◆ **Exercise description**
Each line of the material must be reproduced exactly; pictures stay out.

◆ **Provided material**
# # # # # # #

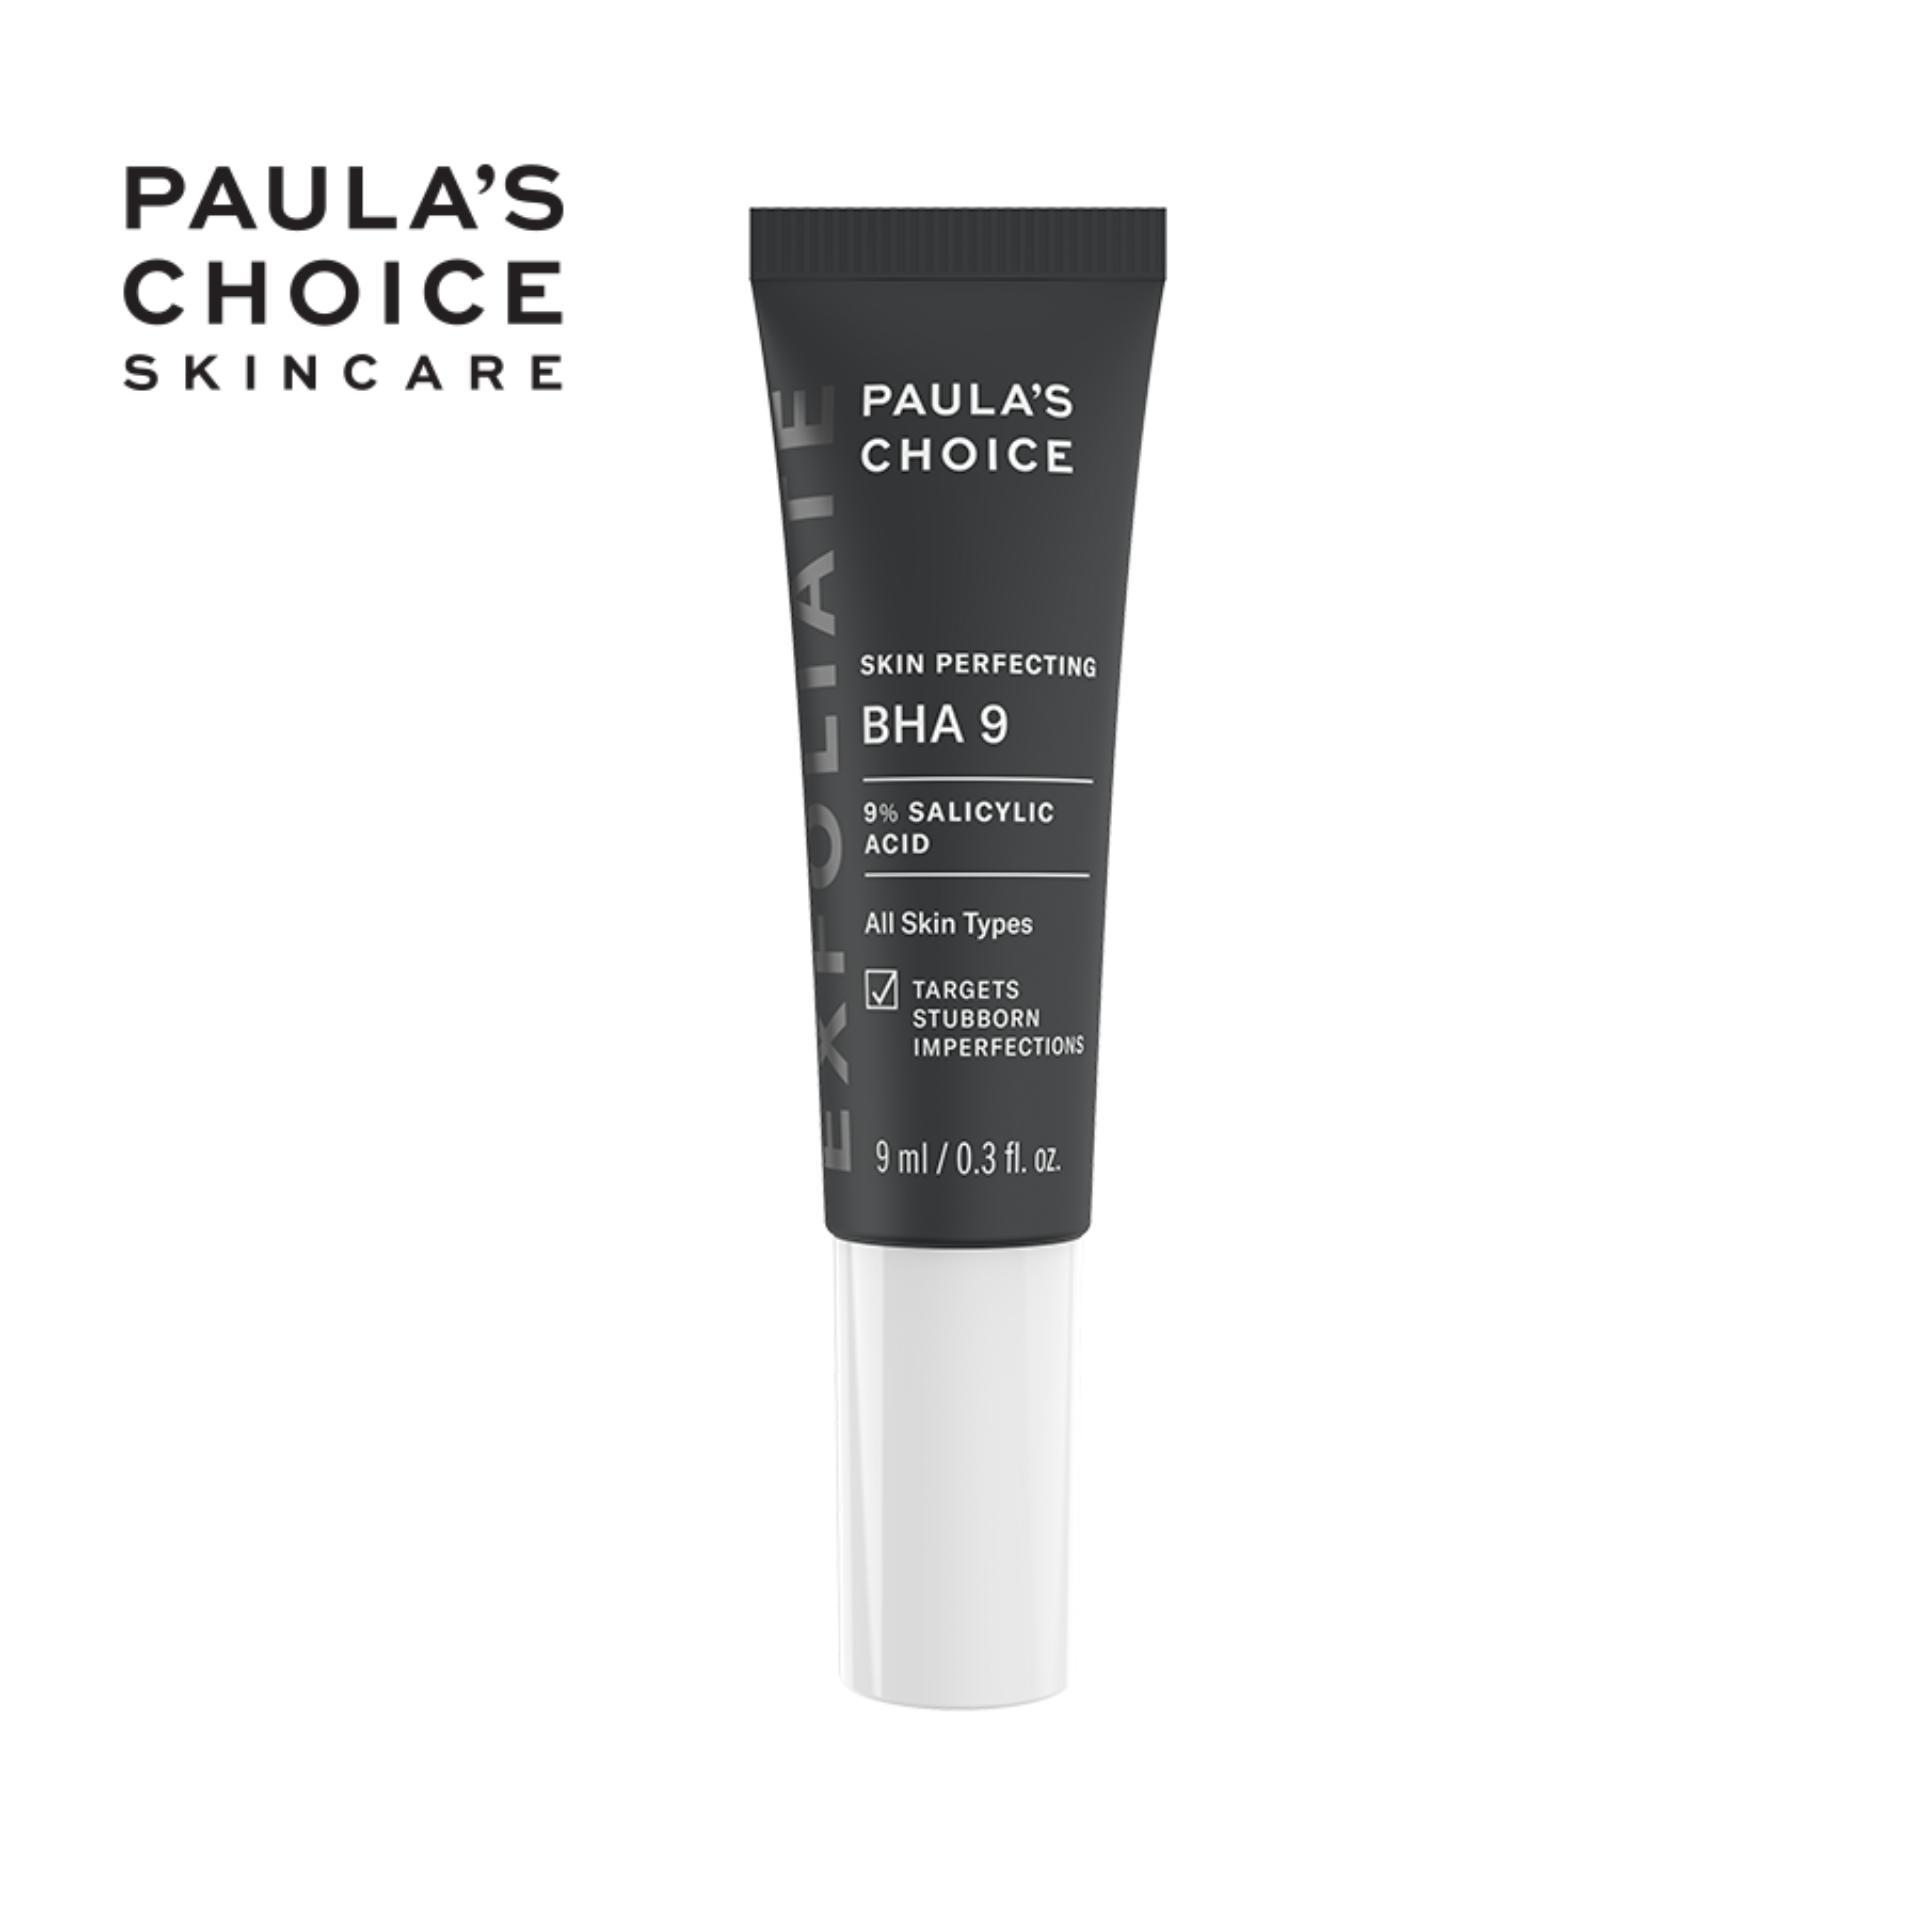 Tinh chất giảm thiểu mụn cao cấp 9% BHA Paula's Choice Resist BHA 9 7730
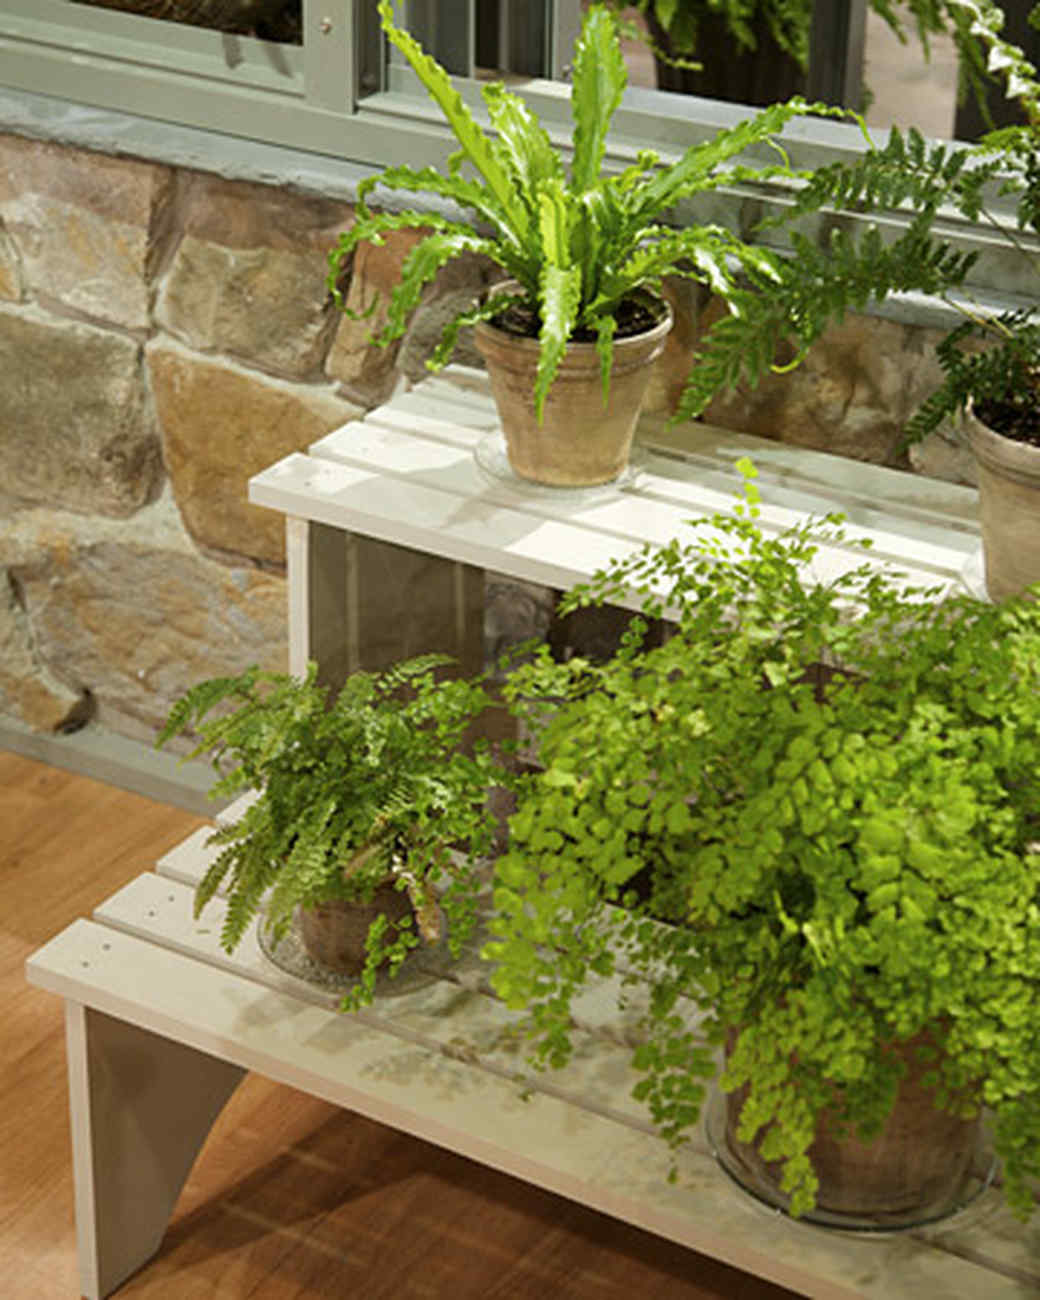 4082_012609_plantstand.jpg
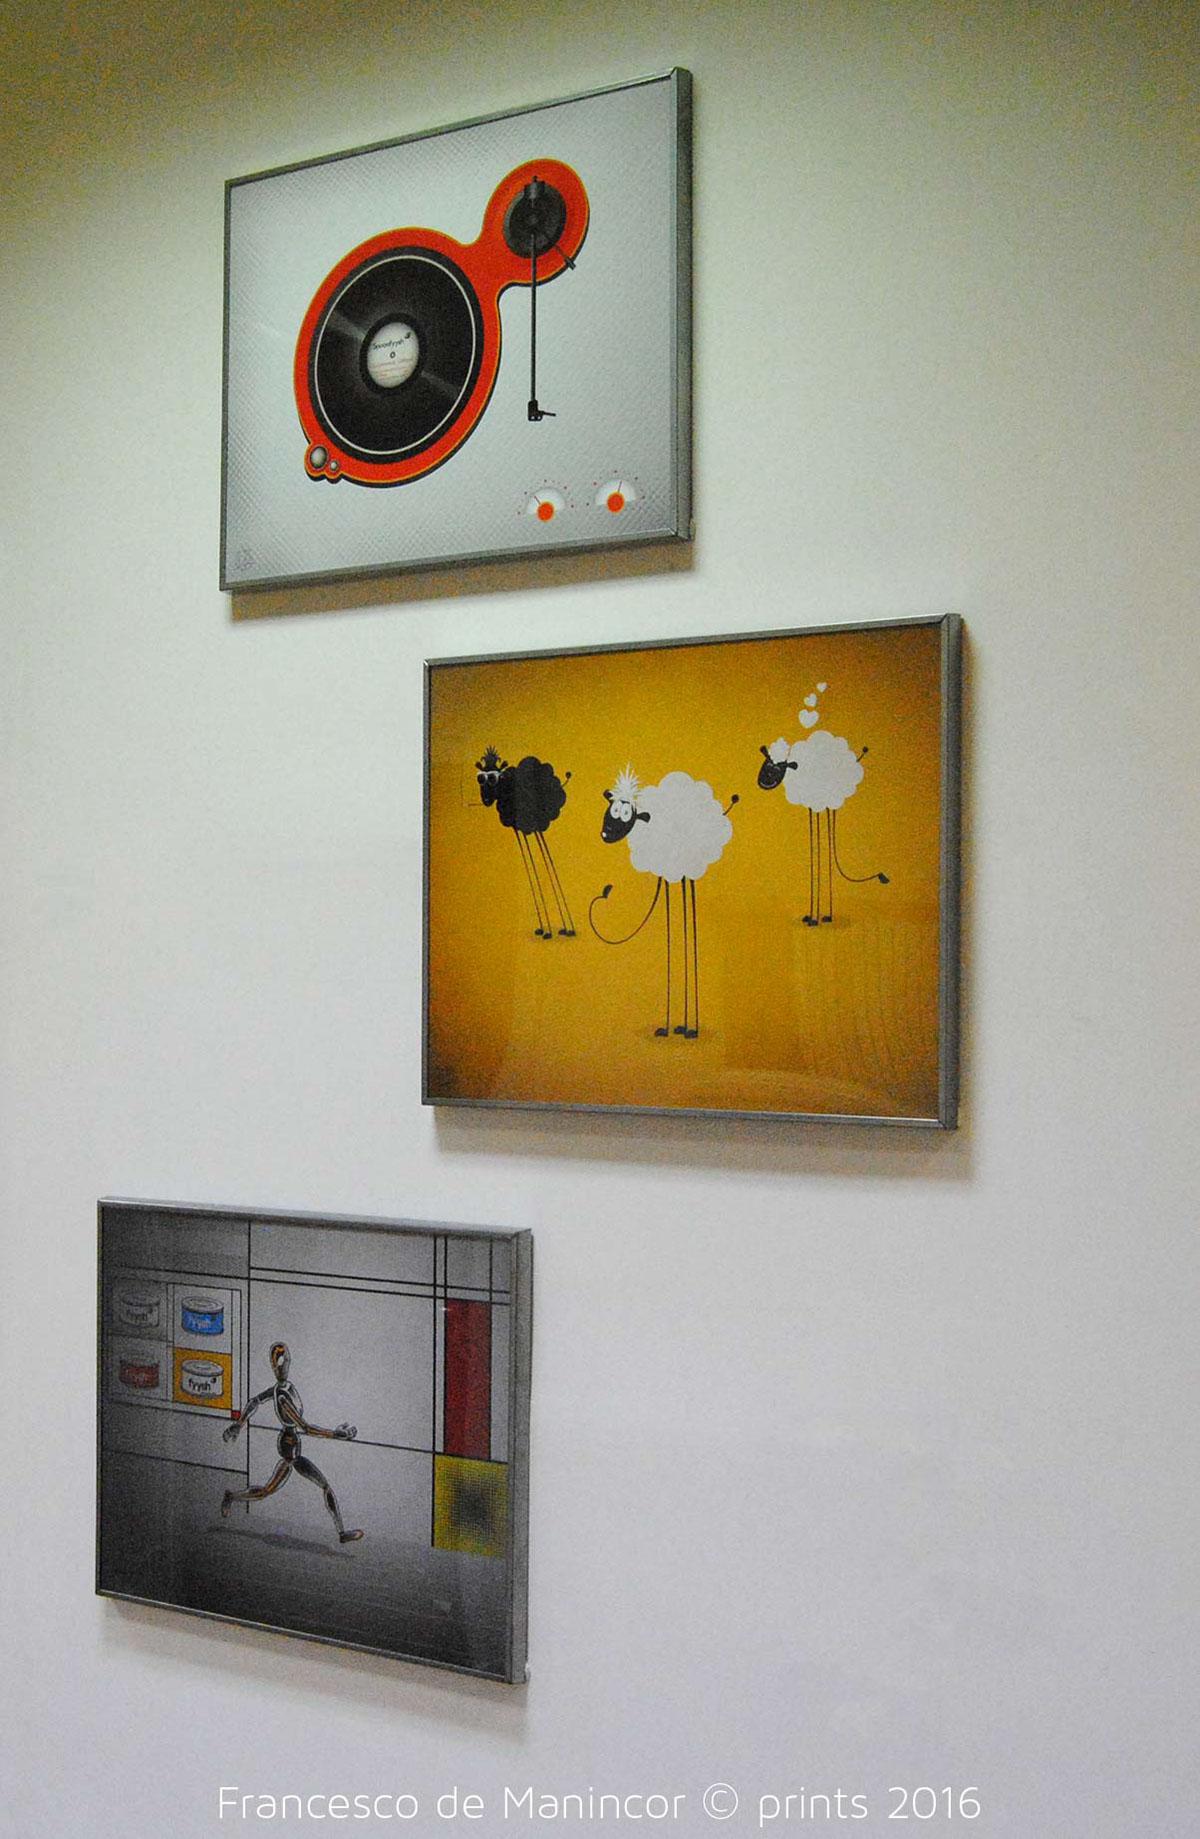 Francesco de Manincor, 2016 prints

# # # # # # #

◆ **Response box**
 Tinh chất giảm thiểu mụn cao cấp 9% BHA Paula's Choice Resist BHA 9 7730
 4082_012609_plantstand.jpg
 Francesco de Manincor, 2016 prints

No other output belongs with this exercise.